The search team at Hotwire decided that any solution to the above problem must adhere to the following guiding principles.
- Separation of concerns / loose coupling: Business processes must be isolated from one another for independent evolution
- Capacity scaling for 5 year growth with no architectural inflection: Minimum 5 year shelf life so we can expand without significant “refactoring”
- Rapid and continuous deployment to the live environment: A story should go from business sign-off to live in less than 10 minutes
- High availability and super-low latency: Studies have shown that most users will abandon the site if the page load takes more than a couple of seconds. Based on that a full destination search must complete in less than a few hundred milliseconds.
- Detailed and real-time live system behavior monitoring: We must be able to cheaply monitor and debug the live system at any time
ARCHITECTURE OF SOLUTION
We tackled the problem specifically for hotel sort and implemented a microservice based architecture where the call to sort the hotels was decoupled from the existing Hotwire stack. The microservice called Score Service is a RESTful web service deployed to Amazon Web Services (AWS) and calculates hotel’s score for a given search criteria. When a call to fetch hotel results comes to the existing Hotwire stack, a HTTP call is made to the Score Service with all information needed to score every hotel in the result set. The service then responds with a score for each hotel that is used to sort the results on the page.
BUILD AND DEPLOY PIPELINE
We have an automated build pipeline that kicks off a build on every commit and pushes a “good quality” image to a private Docker registry. A good quality image is defined as the one that passes unit testing, functional integration testing, minimal code coverage and code style checking. Quick performance testing of the image happens automatically after the build and if the performance is good, then the image is ready to be deployed to production. When detailed performance testing is required three kinds of performance testing is done – Load test with current production search volume, stress with 10x production search volume and stability with current production search volume for an extended period of time. The production deploy job when triggered will do a blue-green deploy and will start switching traffic if the newly deployed images passes smoke tests. There is a Jenkins job that does an instant rollback to the previous containers in case of any critical issues. No manual testing is done as part of the build and deploy process.

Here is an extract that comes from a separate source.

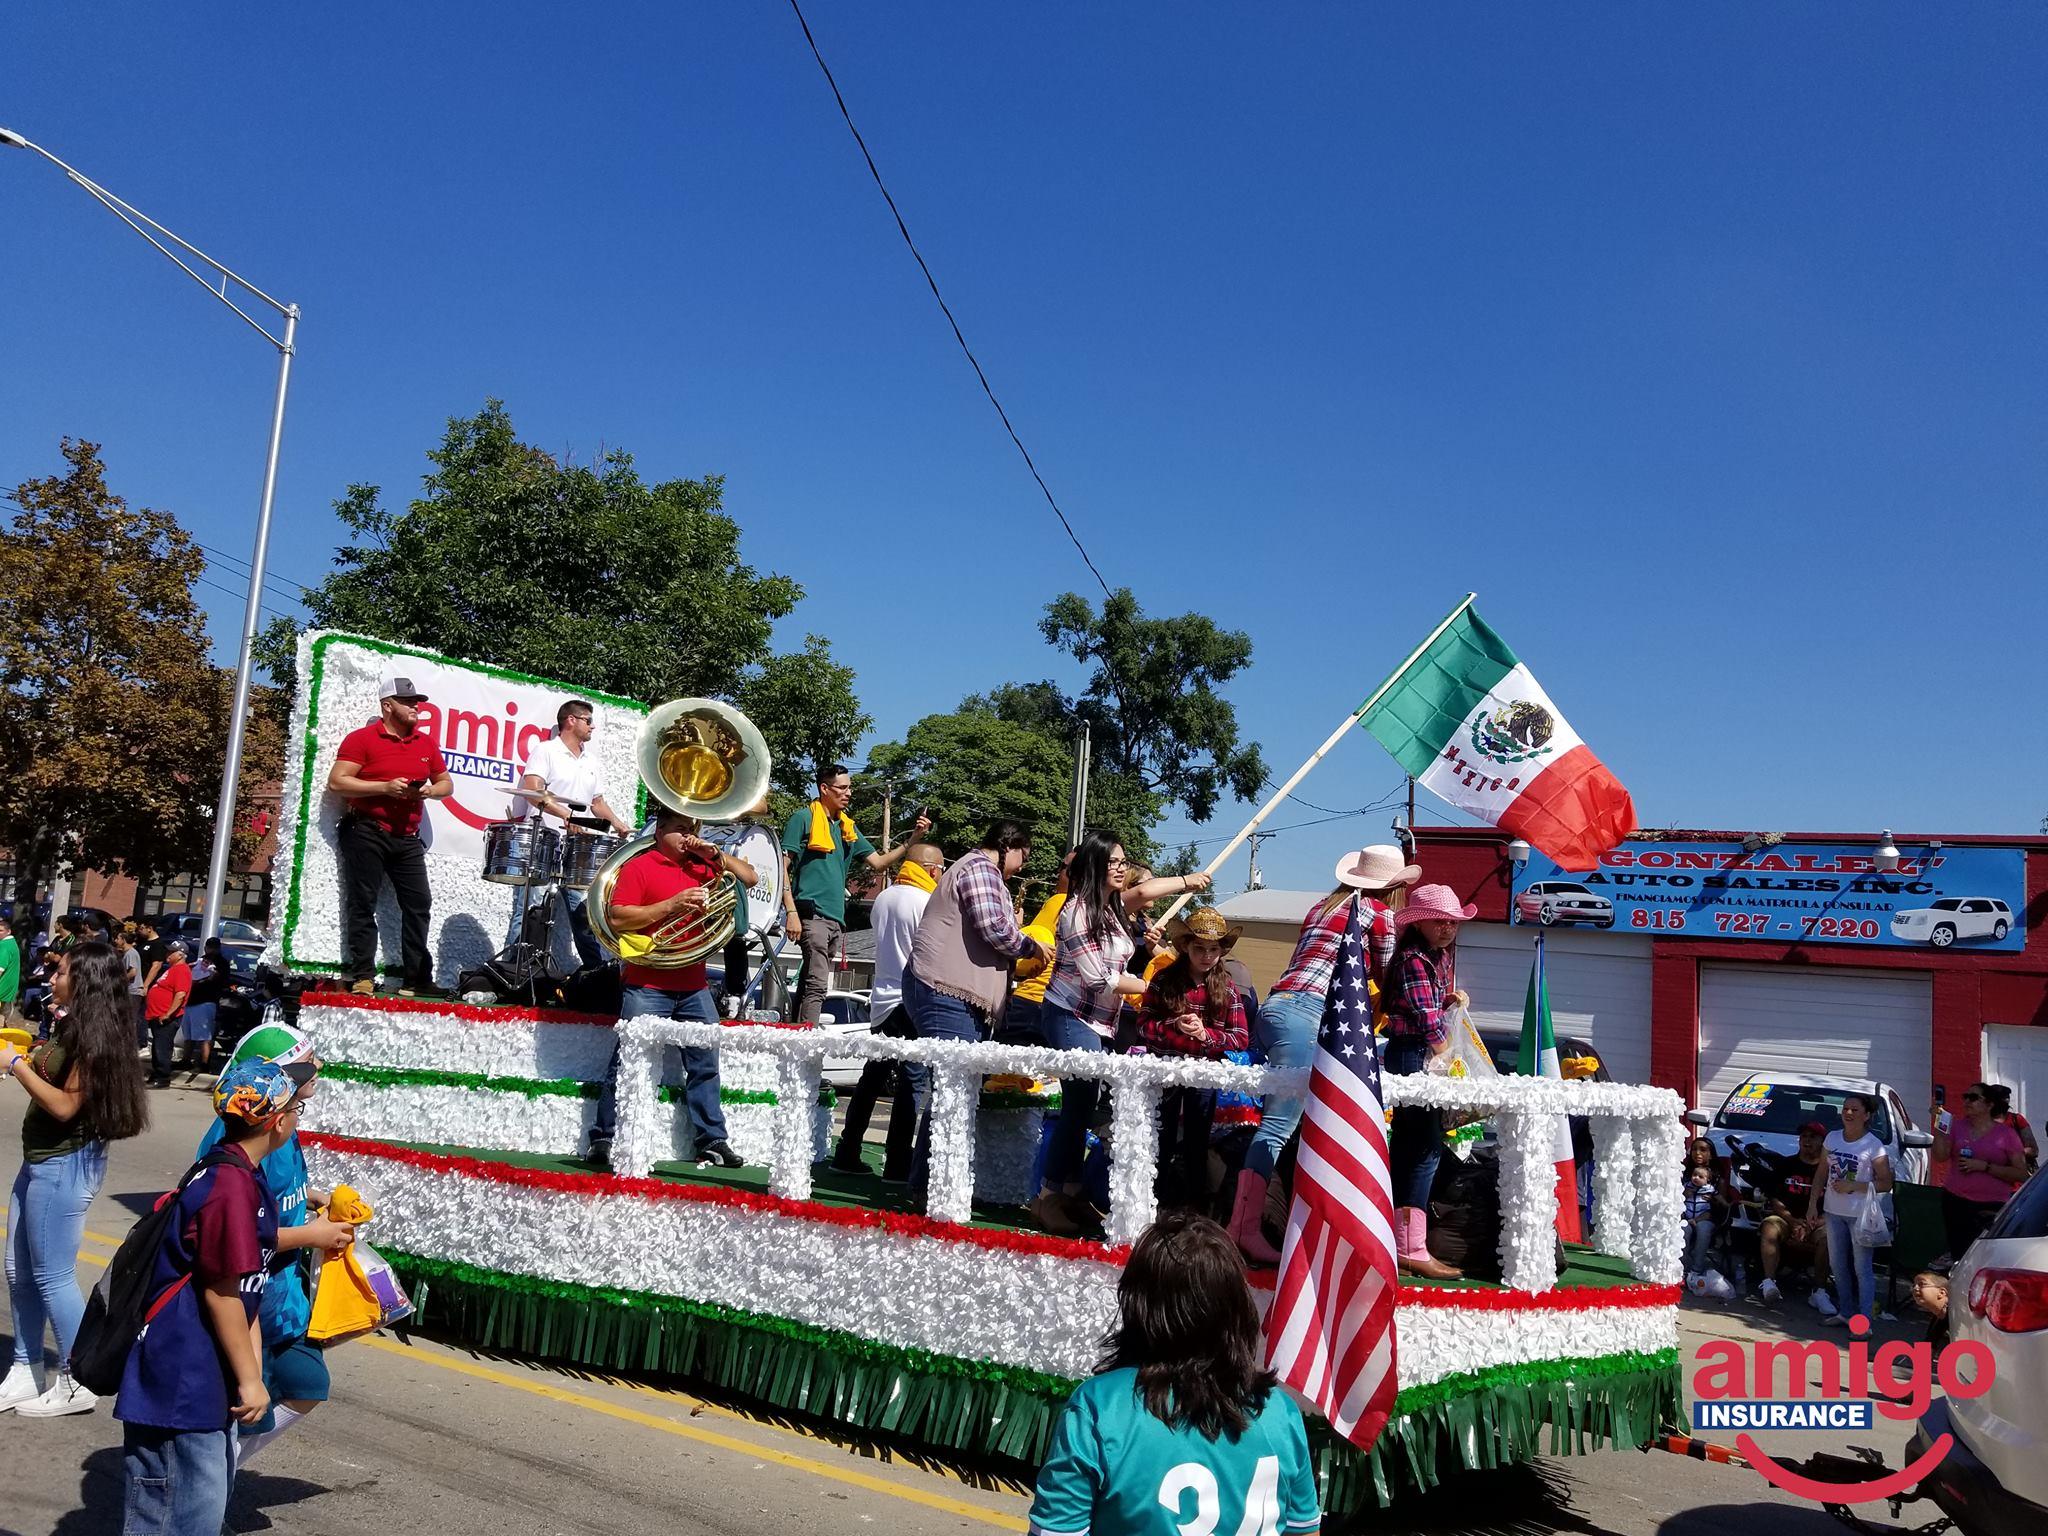 amigo float in parade

This architecture helps us achieve our guiding principles.
- Separation of concerns / loose coupling
- Score Service achieves clean separation of concerns as the service handles scoring the inventory and nothing else. It is decoupled from the existing Hotwire architecture by designing it as a microservice deployed to AWS.
- Capacity scaling for 5 year growth with no architectural inflection
- We used Docker to containerize the code and deployed the images to AWS. The microservice architecture coupled with containerization will help achieve scalability.
- Rapid and continuous deployment to the live environment
- The build and release pipeline has been automated completely thus enabling us to deploy code to production in about 5 minutes.
- High availability and super-low latency
- The use of Docker to containerize the code and deploying the Docker images to AWS with Elastic Load Balance (ELB) helps us be highly available. The latency of the search is not yet where we want it to be but we are looking into reducing the time to score hotels to less than a few hundred milliseconds.
- Detailed and real-time live system behavior monitoring
- We have a detailed and real-time dashboard that monitors the total response times of each model, number of successful and failed requests, average response time by containers, number of requests serviced by each container, top errors and traffic distribution of each sort models being tested.
- We have alerts if we see an increased number of scoring failures
- We have AppDynamics that monitors the AWS hosts and alerts for high CPU and memory usage
Here is a list of the technology stack we used in the Score Service.
|Python||Score service code|
|Flask||Python based web framework to develop the web service|
|Python packages including scikit-learn, sklearn and Pandas||Scoring models|
|Jenkins||Continuous integration server|
|nginx||Load balancing across Docker container|
|Amazon Web Services (AWS)||Cloud computing service|
|Elastic Load Balance (ELB)||Load balances across AWS hosts in different availability zones|
MACHINE LEARNING FOR SORT
To determine the score for a given hotel, the score service models uses dozens of different signals that are usually derived from the hotel features or the search criteria provided by the customer. The hotel features such as guest percentage recommendation score, savings, free amenities, and neighborhood quality have a significant impact on the hotel’s position on the results page.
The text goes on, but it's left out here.